> _Given data_
-------
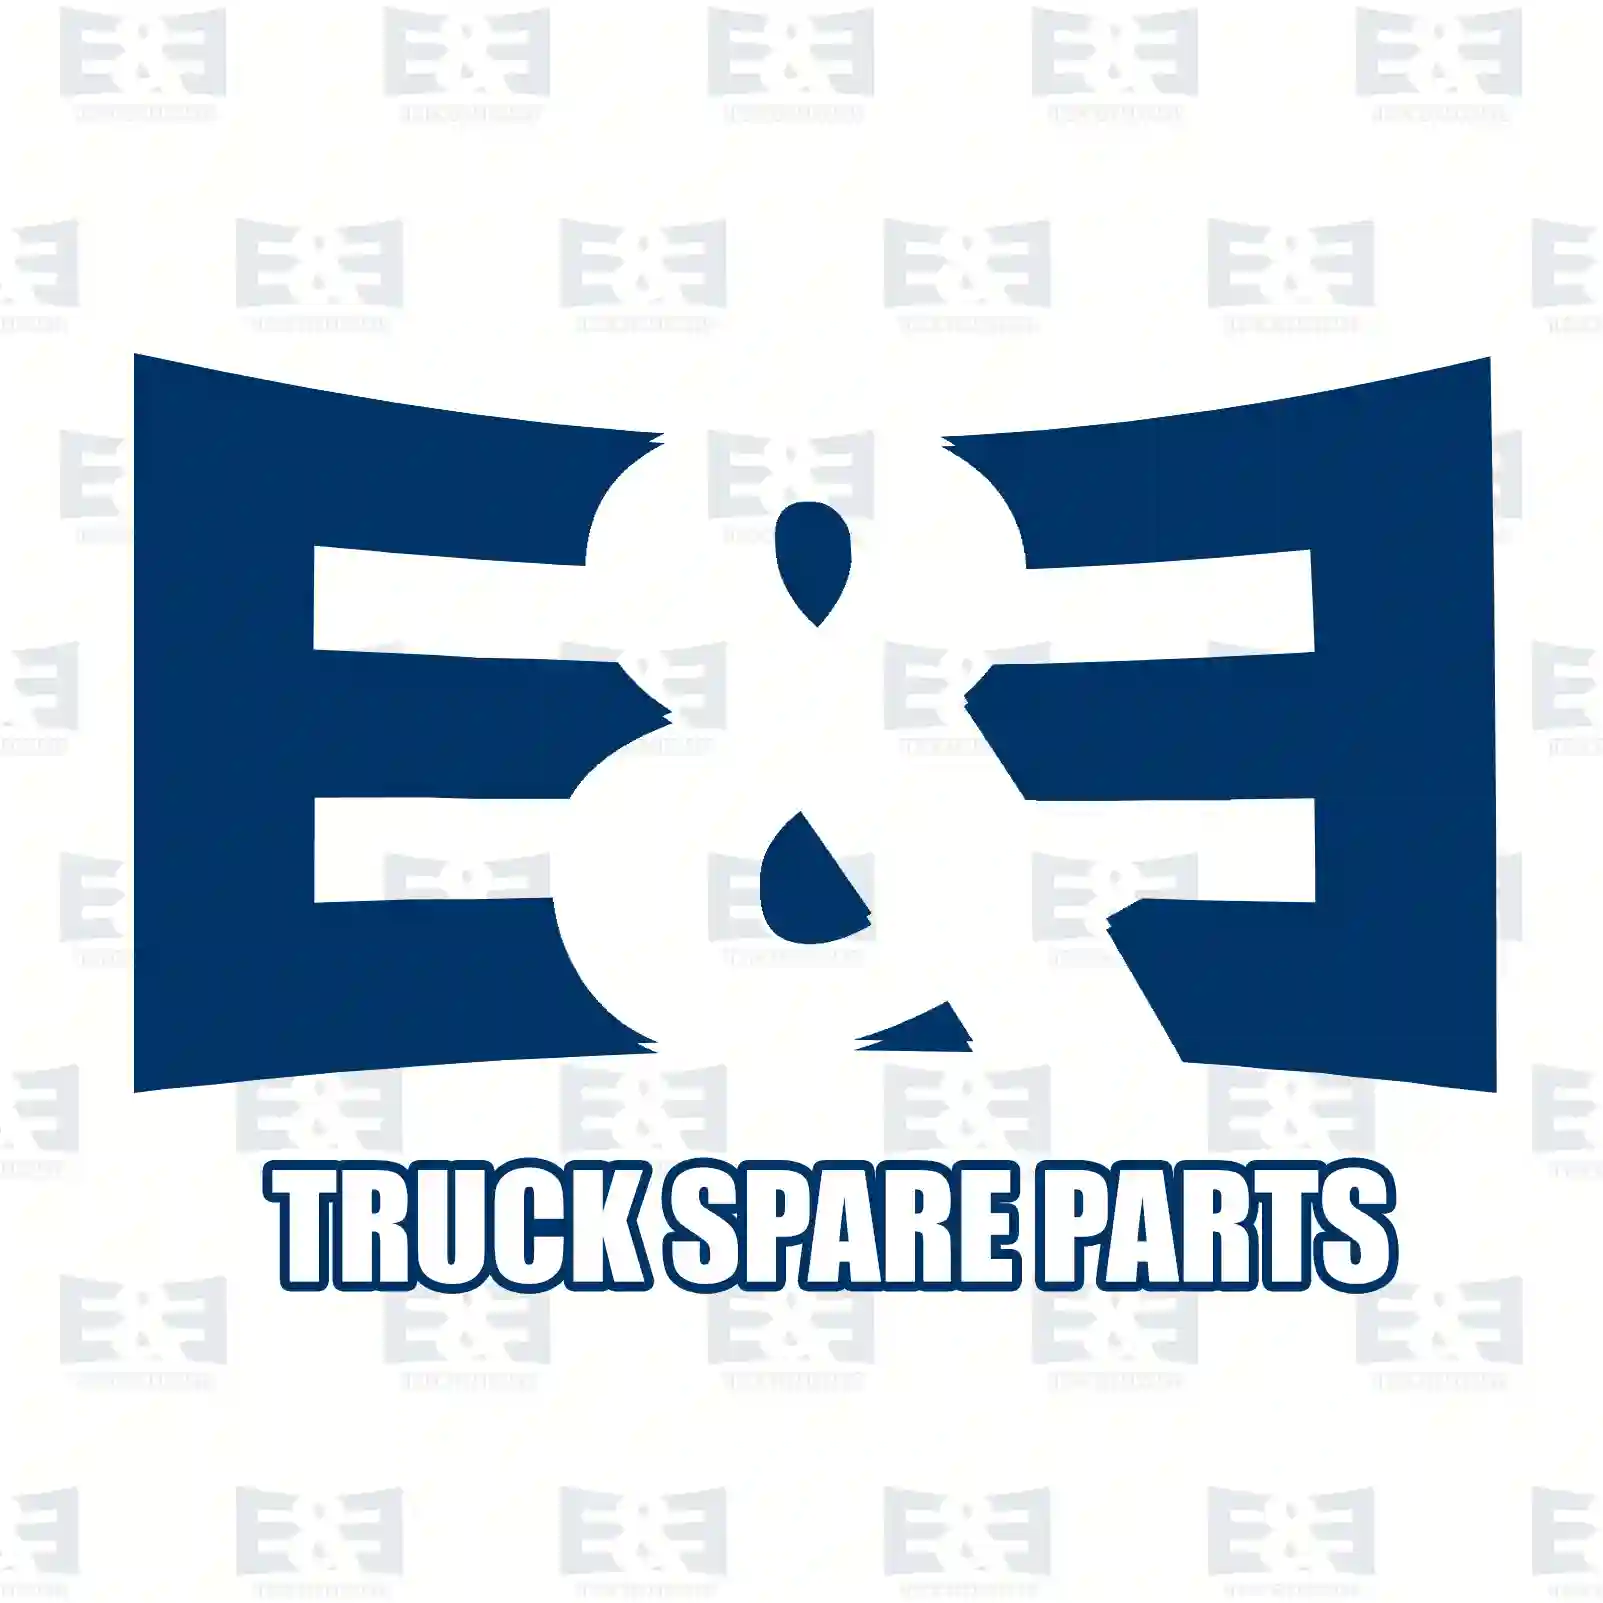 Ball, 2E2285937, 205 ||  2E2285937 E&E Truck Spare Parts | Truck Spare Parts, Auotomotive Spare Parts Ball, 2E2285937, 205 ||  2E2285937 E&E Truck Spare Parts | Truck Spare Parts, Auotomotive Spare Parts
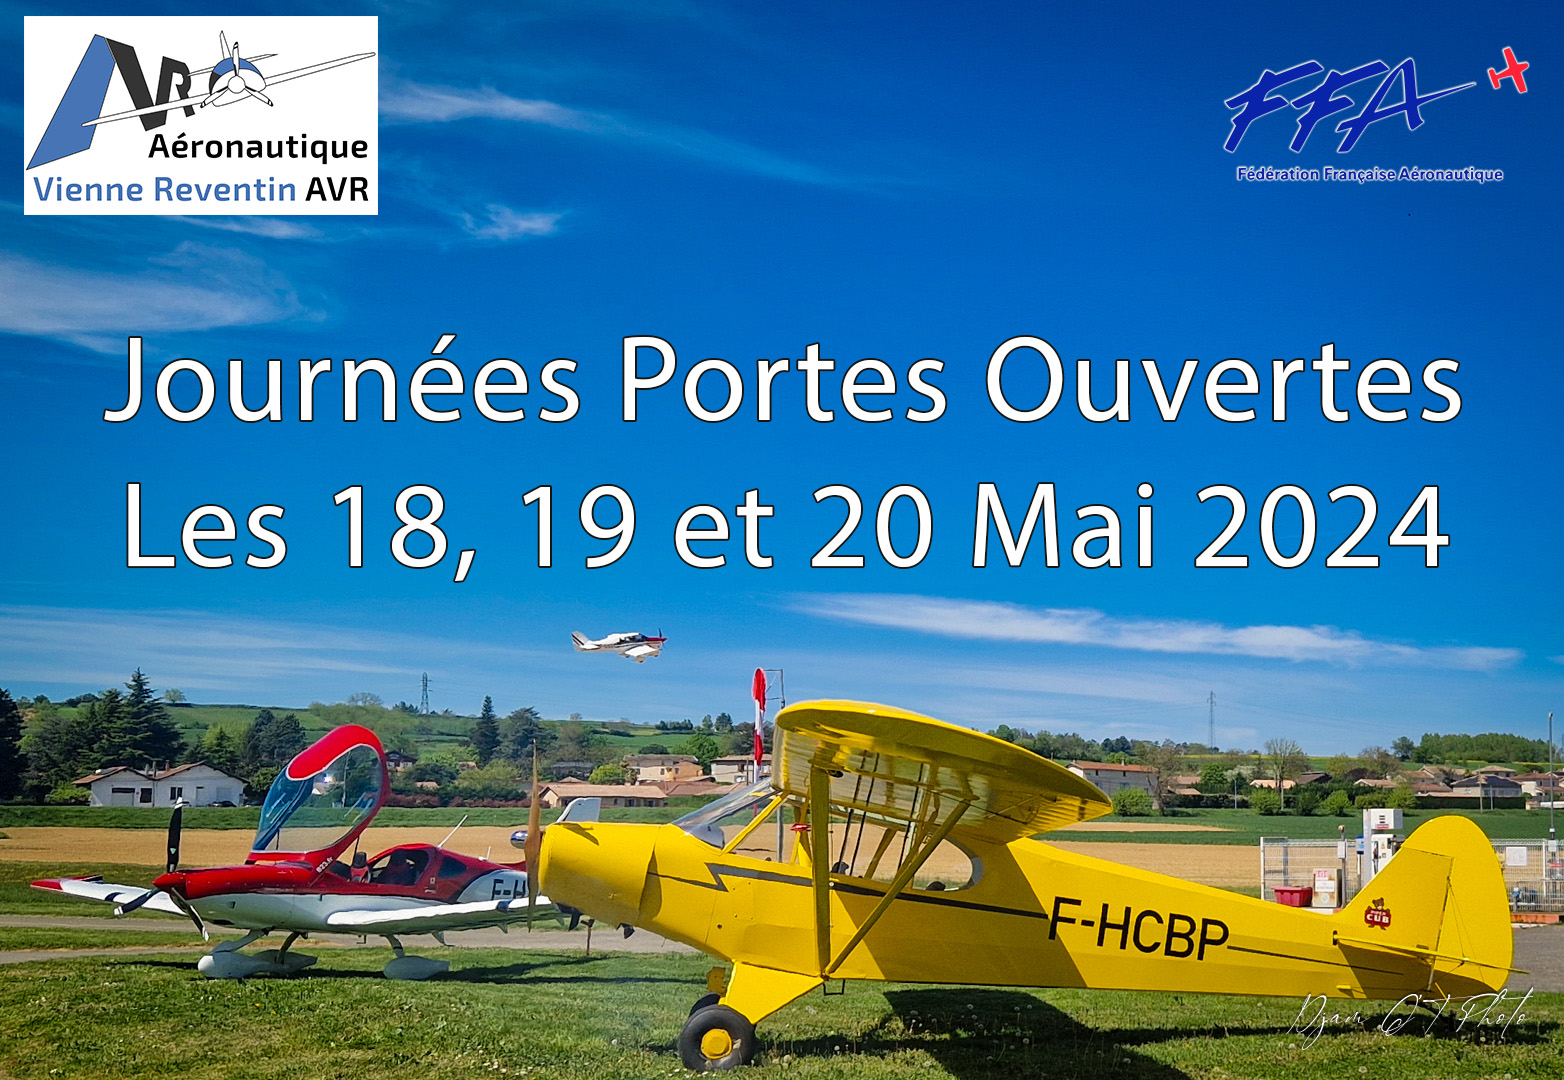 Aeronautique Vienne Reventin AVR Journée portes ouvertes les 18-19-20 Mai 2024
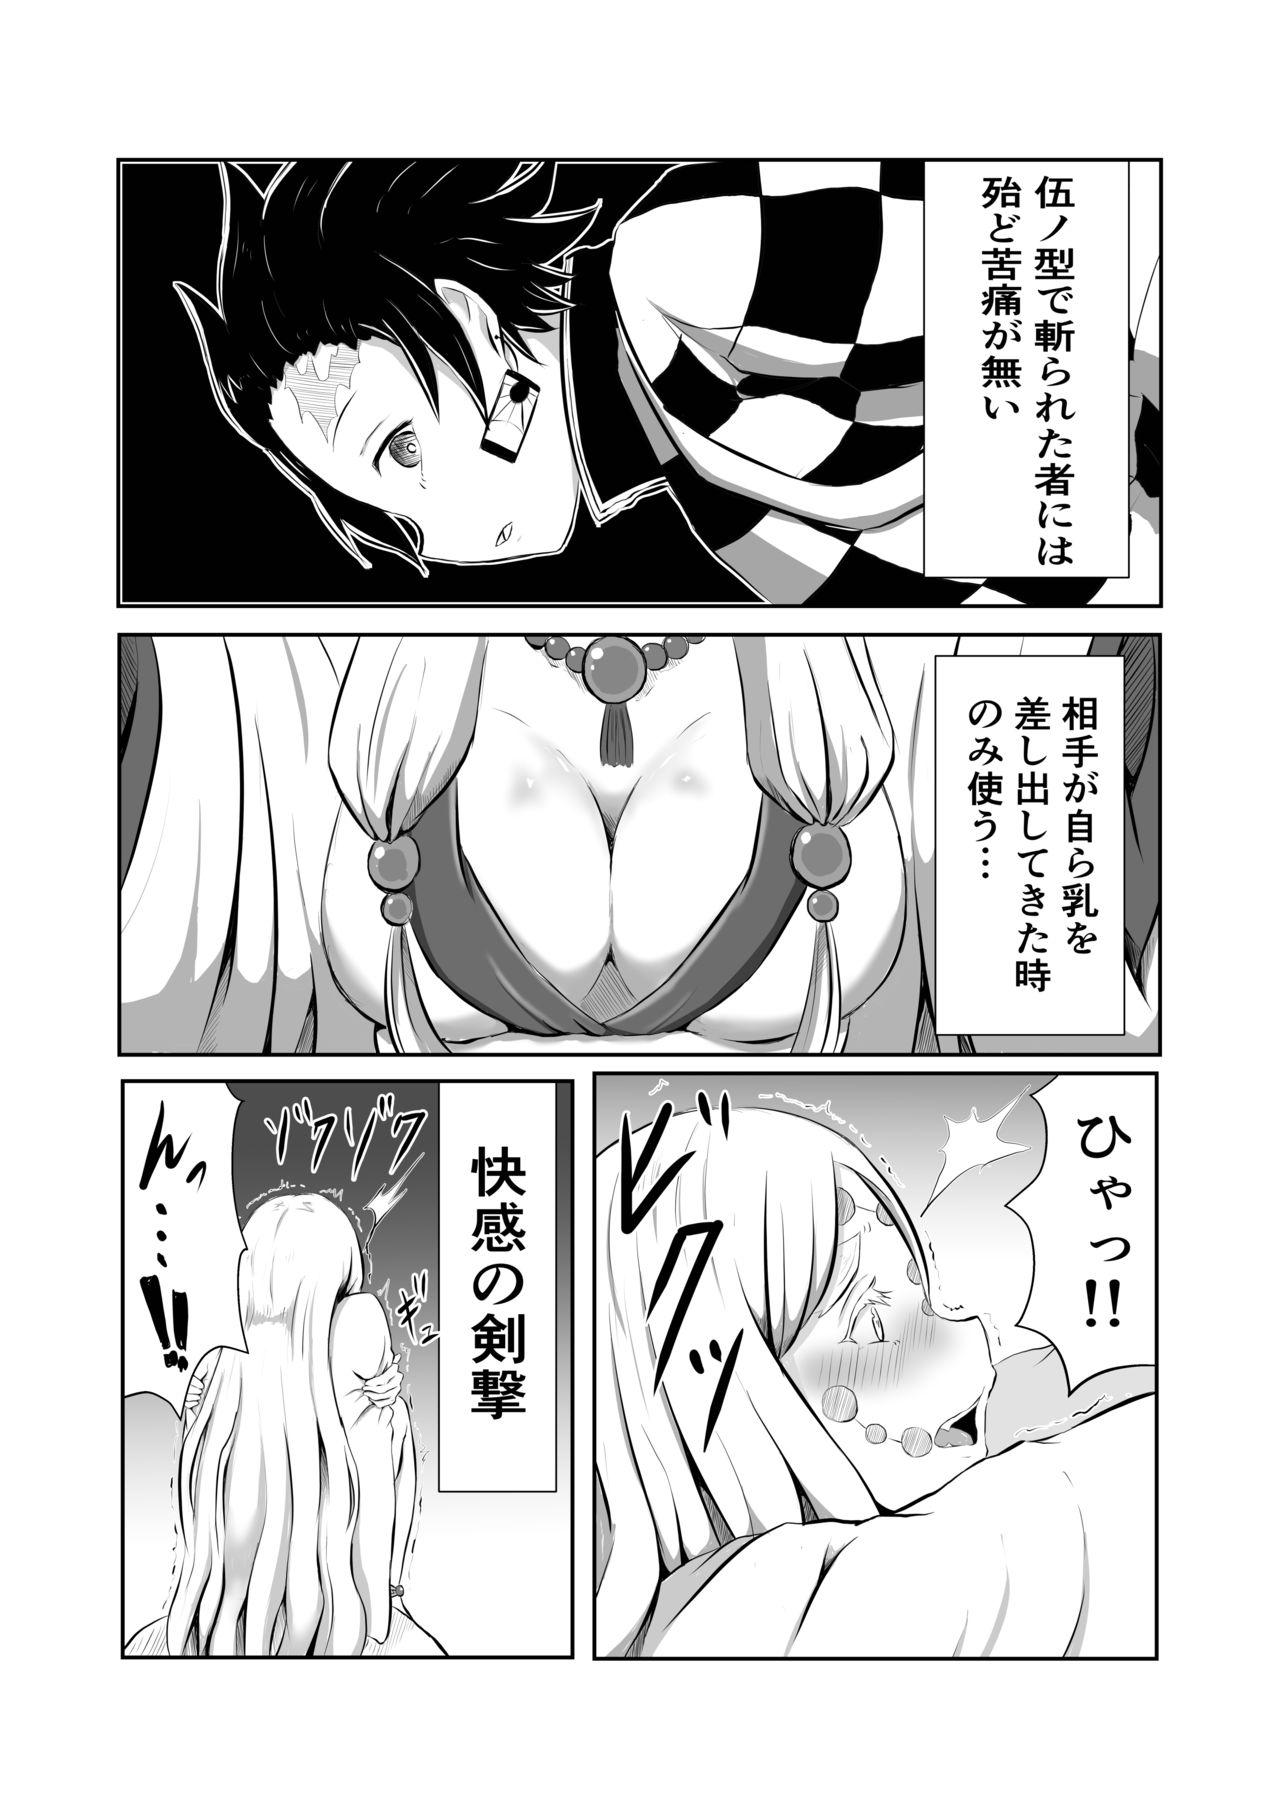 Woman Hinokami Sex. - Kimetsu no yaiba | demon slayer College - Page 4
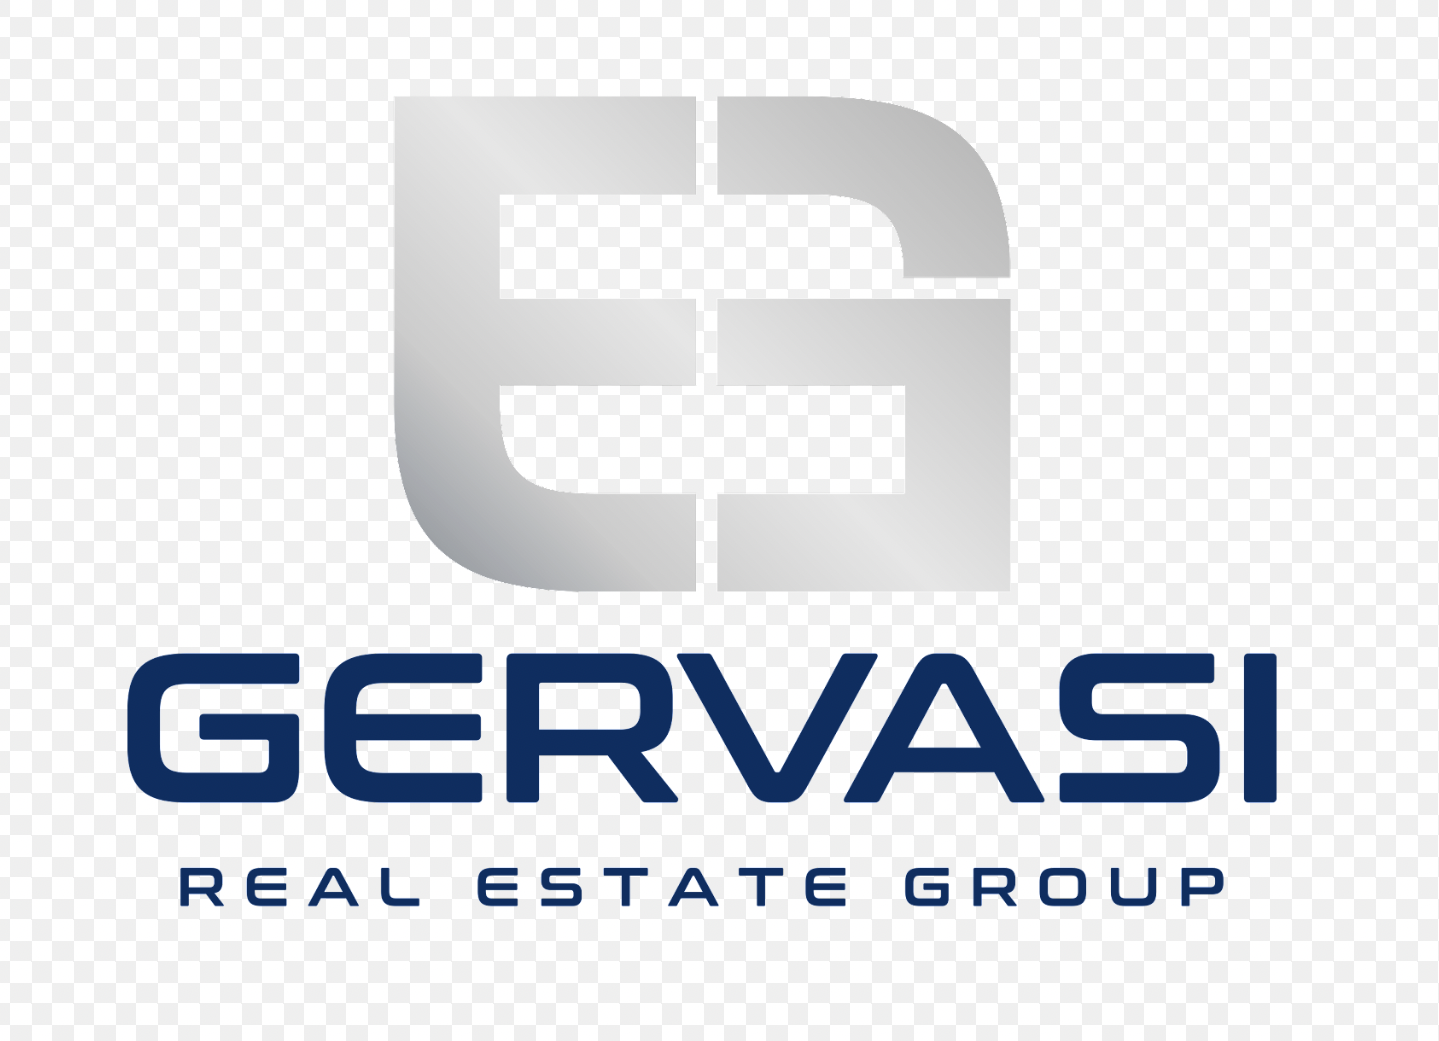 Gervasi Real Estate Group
-------
> _Prompt_
Set down all of the data word for word; no pictures belong in it.

> _Worked solution_
 Ball, 2E2285937, 205 ||  2E2285937 E&E Truck Spare Parts | Truck Spare Parts, Auotomotive Spare Parts Ball, 2E2285937, 205 ||  2E2285937 E&E Truck Spare Parts | Truck Spare Parts, Auotomotive Spare Parts
 Aeronautique Vienne Reventin AVR Journée portes ouvertes les 18-19-20 Mai 2024
 Woman Hinokami Sex. - Kimetsu no yaiba | demon slayer College - Page 4
 Gervasi Real Estate Group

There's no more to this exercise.